I am a newbie and I need to know that the following fish are compatible or not.

1. Angel Fish (quarter size)
2. Fancy Guppy
3. Mollies (Baloon / Regular)
4. Platy
5. Zebra Danios
6. Khuli Loach
7. Cherry / Yellow Shrimp

Please reply.
Thanks


----------



## Will (Jul 24, 2008)

1. May eat shrimp when grown. May harrass guppies.
2. Most likely to be nipped at.
3. All good. Livebearers whos offspring will likely be hunted.
4. All good. Livebearers whos offspring will likely be hunted.
5. Most likely to stir the shit, behaves better in larger groups.
6. All good. Mostly nocturnal requires hiding area and night feeding.
7. Both are the same species and interbreeding will produce uglier colourless offspring.

When you choose fish for a large tank such as a 90, you may want to think about choosing fish that spend their time in different areas (top, mid, bottom) rather than putting in almost all fish that inhabit mid sections. Just something to think about.


----------



## ciao (Oct 21, 2010)

Thanks for your detailed reply Will,

Just wana make sure a few points:-

1. The angelfish, platy and mollies will harass guppies and nip their tails or fins ?

2. Zebra Danios apart from string the shit, do they harass other fish (since they are fast swimmers)?

3. Khuli Loach is safe from all harm.

I haven't added the plants in my previous email. Please also tell if any of the included fish harm plants.

Thanks once again.


----------



## Will (Jul 24, 2008)

1. The Angels and maybe the mollies. The platies not likely. Yes guppies often have shredded fins/tails when kept with larger or more assertive fish.

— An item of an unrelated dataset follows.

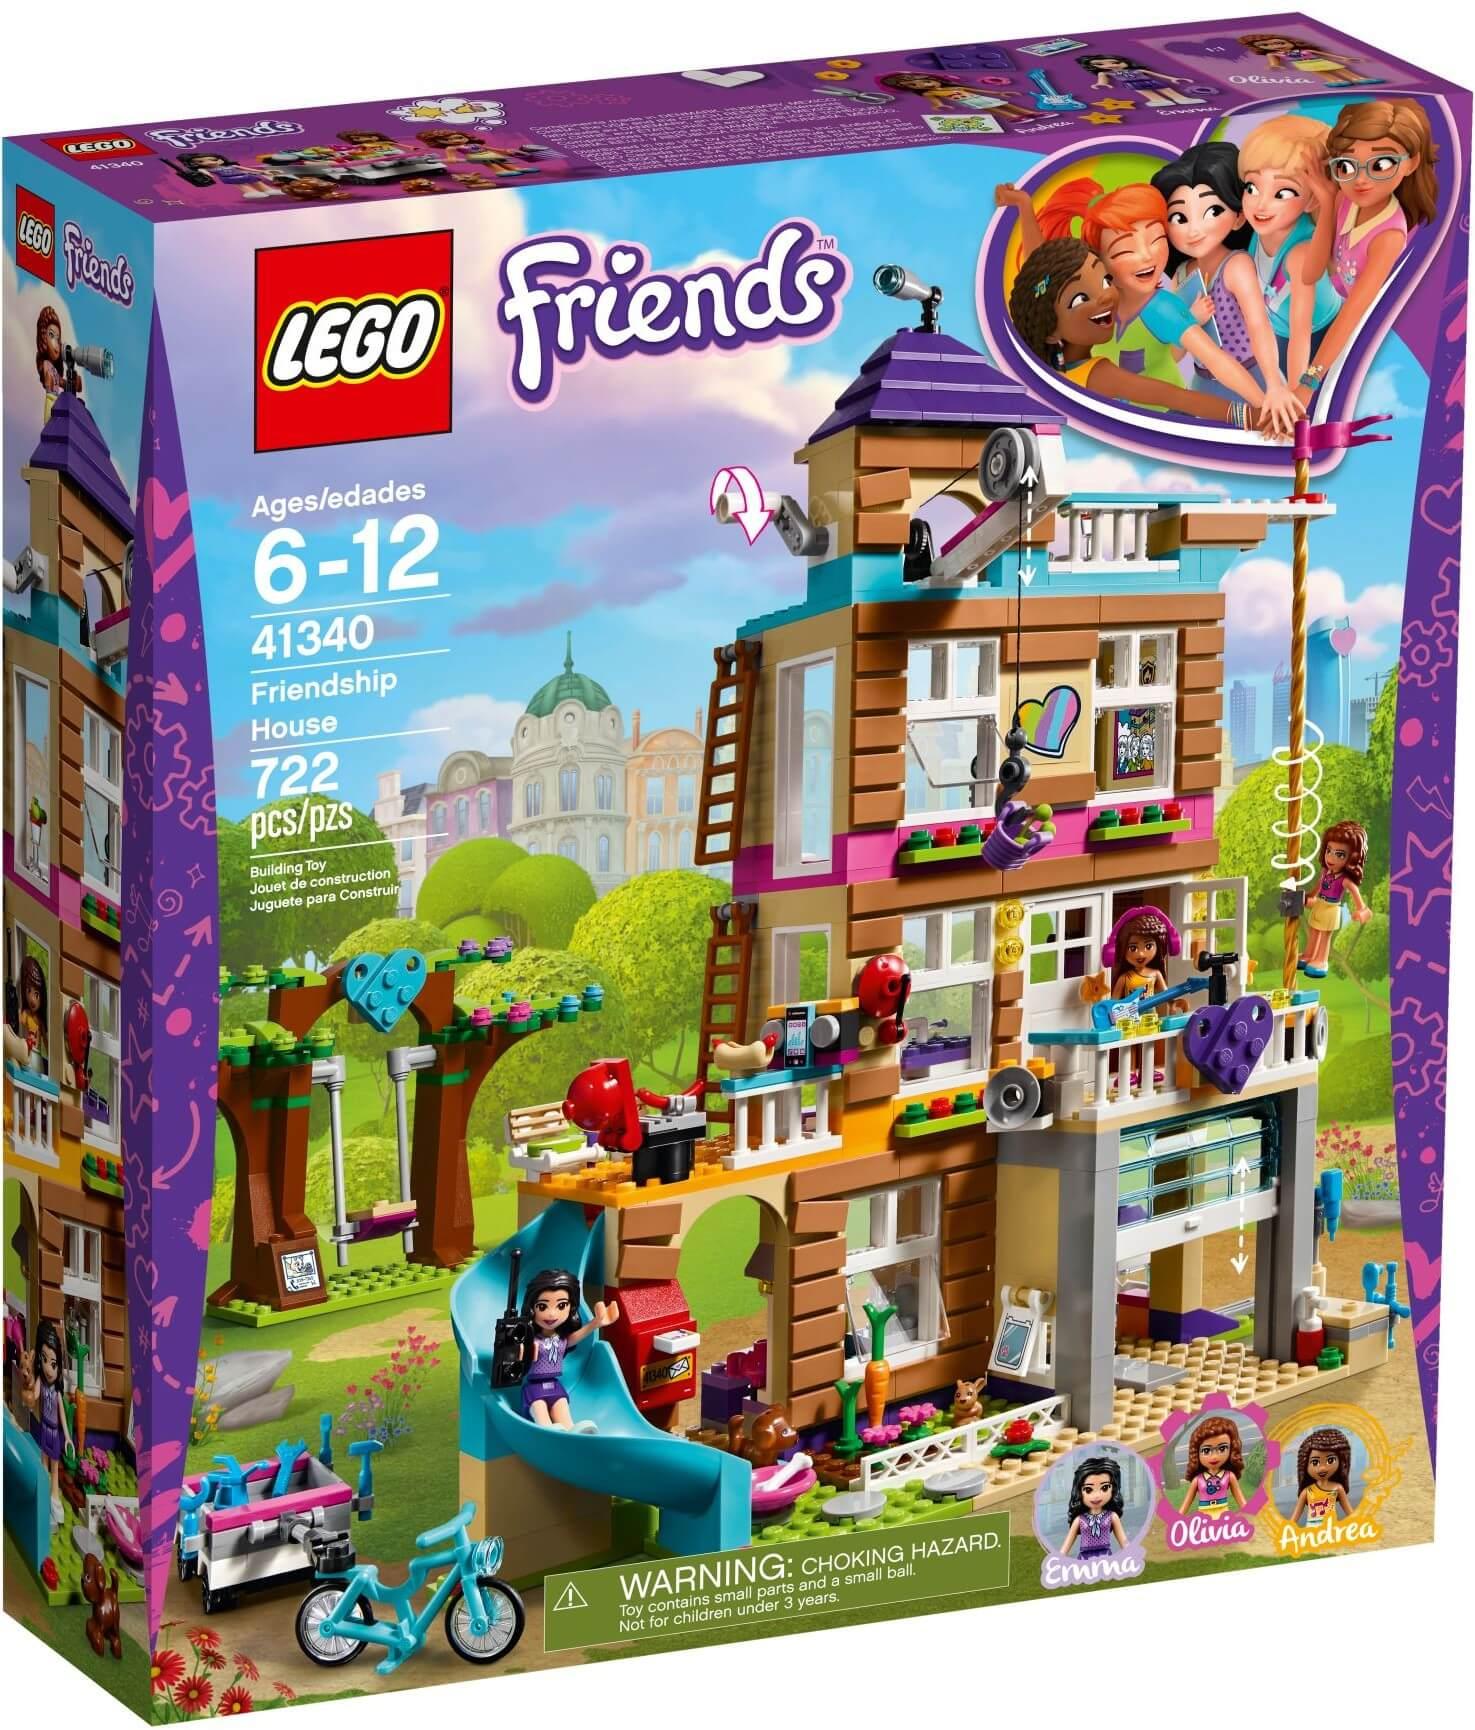 Mua đồ chơi LEGO 41340 - LEGO Friends 41340 - Ngôi Nhà Tình Bạn (LEGO Friends 41340 Friendship House)

2. They stick to themselves more when they are kept in larger groups, instead harrasing their own kind (their own sort of roughhouse playing). But, then the issue is that you have a big mob of very fast gluttonous eaters that will out compete your other fish.

3. With a soft fine sand bottom, and/or many hiding areas kulies will be safe with this crowd.


If mollies are malnutruitioned, they may nibble on plants. With a good diet they won't at all ever.

Also, consider that you have 3 species of livebearers who do best with 2-3 females per male (They are easily sexable and you could keep all males). Each female is capable of producing say... 1-5 Dozen fry every 60ish days. Some will be eaten, some pureed via a filter impeller, and some will survive to laer breed.


----------



## Gargoyle (Aug 21, 2008)

A quarter sized angel will be five times that size in a short time. It'll probably eat the shrimp.
Also, balloon mollies are intentionally bred deformities - kind of nasty given that the spinal deformity is intentionally produced but causes the fish serious health problems, and probably pain. I'd love to see all hobbyists stop buying balloon mutations so the farms will stop producing the poor things.


----------